Astronomers use these huge numbers all the time but I find it is really hard to get a realistic picture of this that I can visualize. I’ll try to paint a picture of our sun and it’s planets to scale, and see if this helps.

Start with our home planet, Earth.

It is huge, 8000 miles in diameter and 25,000 miles around at the equator.

Think of all the 7 billion people, hundreds of countries, mountains, oceans, cultures and a few billion years of history that make up our little rock’s existence in the universe. Now shrink our mother earth down to a small pebble about the thickness of a nickel.

This is just a little smaller than a BB.

On this scale, our sun would be about nine and half inches in diameter.

This is about the size of a basketball.

Try and imagine how many earths (BBs) would fit in our sun (the basketball).

Now realize on this scale, our earth is over 28 yards from the basketball. Picture our earth, the BB, rotating around the basketball almost a 1/3 of a football field away. Space is pretty empty.

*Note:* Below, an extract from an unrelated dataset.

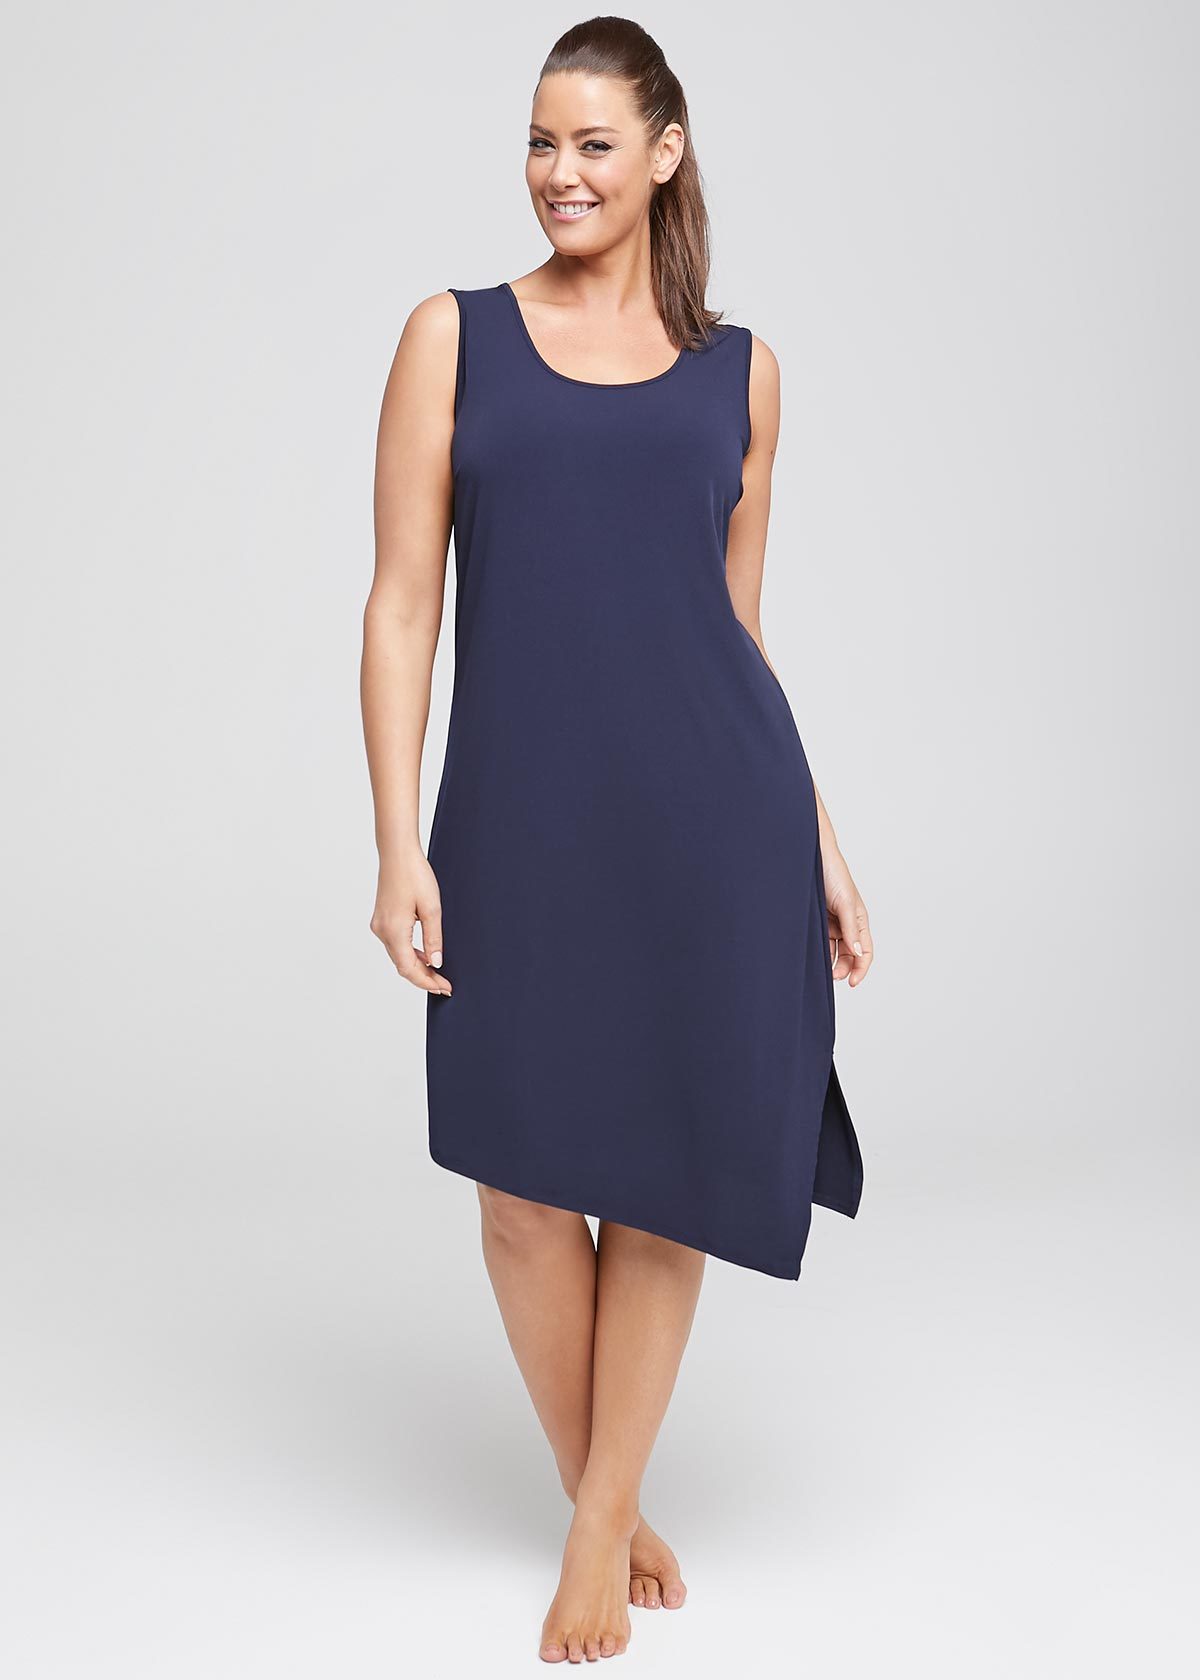 Shop Luna Basic Instinct Slip Dress in blue in sizes 12 to 24 | Taking ...

Let’s now look at some of the other planets. Mercury is about one third the size of the earth (a small grain a sand) and rotates approximately 11 yards from the sun.

Venus is slightly smaller than the earth and is 20 yards from the sun. Mars is one half of earth and 43 yards from the sun.

Now the big gas giant planets.

Jupiter is one inch in diameter (a ping pong ball), rotating 147 yards from the sun.

Saturn is three quarters of an inch and 270 yards from the sun. Uranus and Neptune are both about one third of an inch big and are at 542 yards and 850 yards respectively.

That’s almost a half a mile.

On to Pluto.

It is half of mercury, so a very small grain a sand. It is almost two thirds of a mile from our sun.

So the solar system we live in is made up of five grains of sand, two ping pong balls and a couple of marbles going around a basketball in a circle about a mile and a third across.

This should help explain why we did not know much about Pluto until we got there.

Even the Hubble Space Telescope could not see much.

And now the real stunner.

The closest star to our sun is Alpha Centauri which is 4.3 light years away.

On our new cosmic scale it would be another basketball 1015 miles away.

So we have a basketball in Petoskey, Michigan and the closest star to us is another basketball just south of Atlanta, Ga. with nothing in between.

Now imagine the 100 billion basketballs, all thousands of miles apart that make up our Milky Way Galaxy.